Eygi is described by H. Esra Arcan as "a renowned Islamist who [wrote] on religious and political subjects". He favoured a political system based on the Sharia, and demanded the rejection of laws that are incompatible with the Quran. Eygi was a Holocaust denier who argued that criminalising Holocaust denial is both a human rights violation and against the freedom of speech principle. Eygi propagated the conspiracy theory that, the English and the Americans have faked the Holocaust by  killing millions of German civilists and soldiers.

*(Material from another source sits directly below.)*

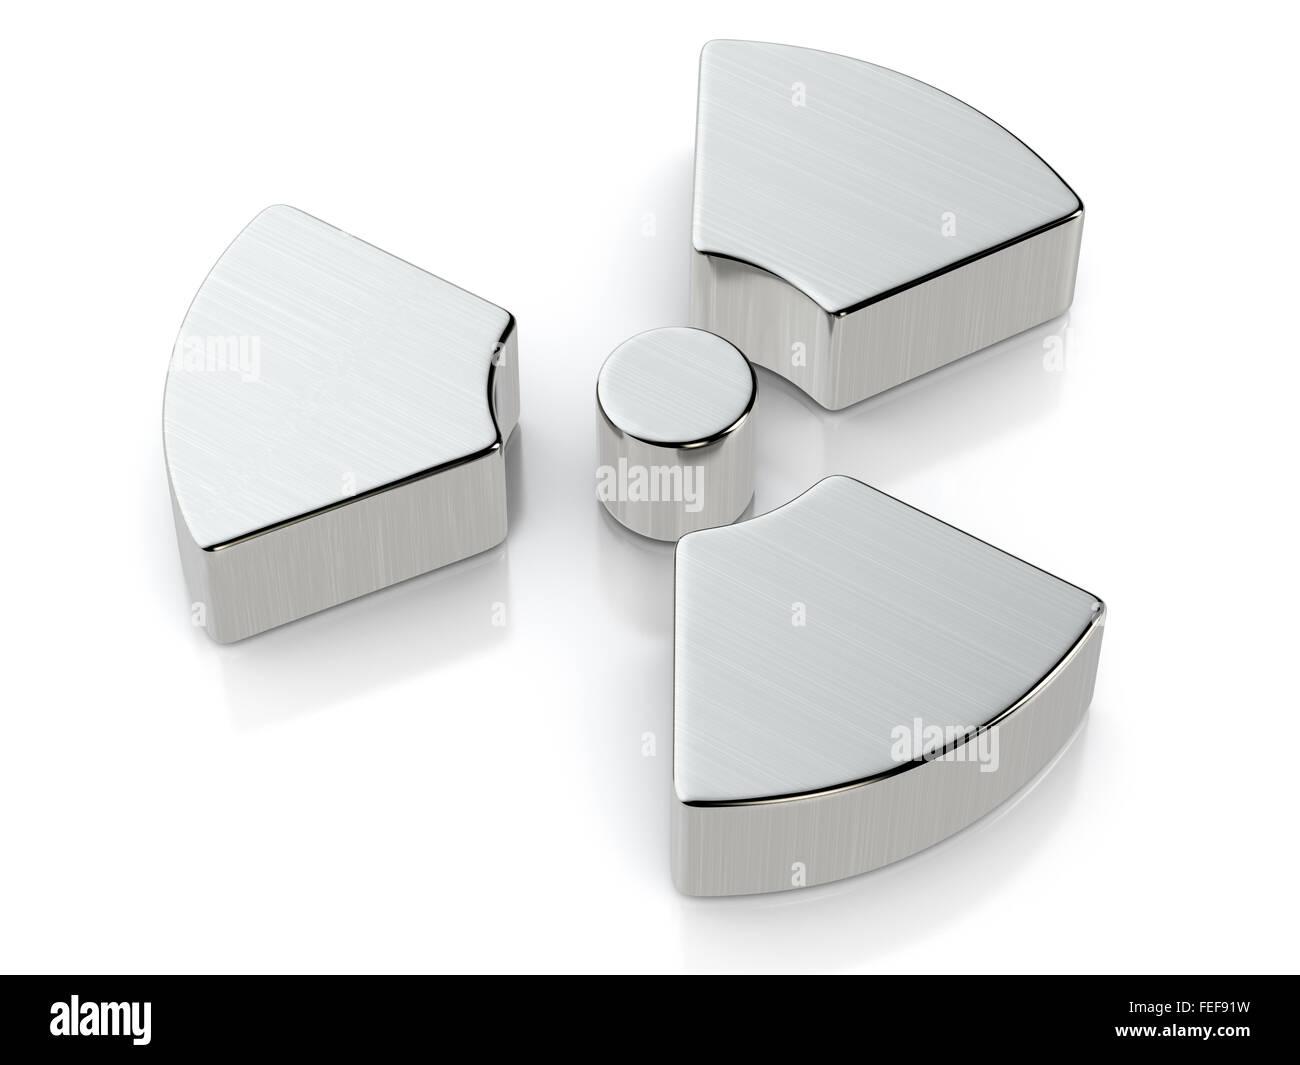 Metallic radiation symbol on a white background. - Stock Image

Ozan Ekin Gökşin argues that, "rightists such as Mehmet Şevket Eygi (…) were the standard bearers" of the conspiracy theory that, "the cadres who founded the Turkish Republic consisted of the elite of Thessaloniki immigrants who converted from Judaism to Islam, but who secretly performed their own religious rituals." Rıfat Bali outlines that, Eygi spread the conspiracy theory that the group of the Dönme Jews were responsible for the Armenian Genocide, and that Eygi believed that "it wasn't the Muslim Turks who committed [atrocities against the Armenians]". Furthermore, Bali describes Mehmed Şevket Eygi as one of those "political players" and "propagandists" that were responsible for "establishing antisemitism" in post-1946 Turkey. The German Interior Ministry also considered Eygi to be an anti-Semite, who had been spreading the "Dönme Delusions" conspiracy theory since the 1960s. The German Amadeu Antonio Foundation called Eygi's 1999 book Yahudi Türkler yahut Sabetaycilar an "anti-Semitic conspiracy theory book".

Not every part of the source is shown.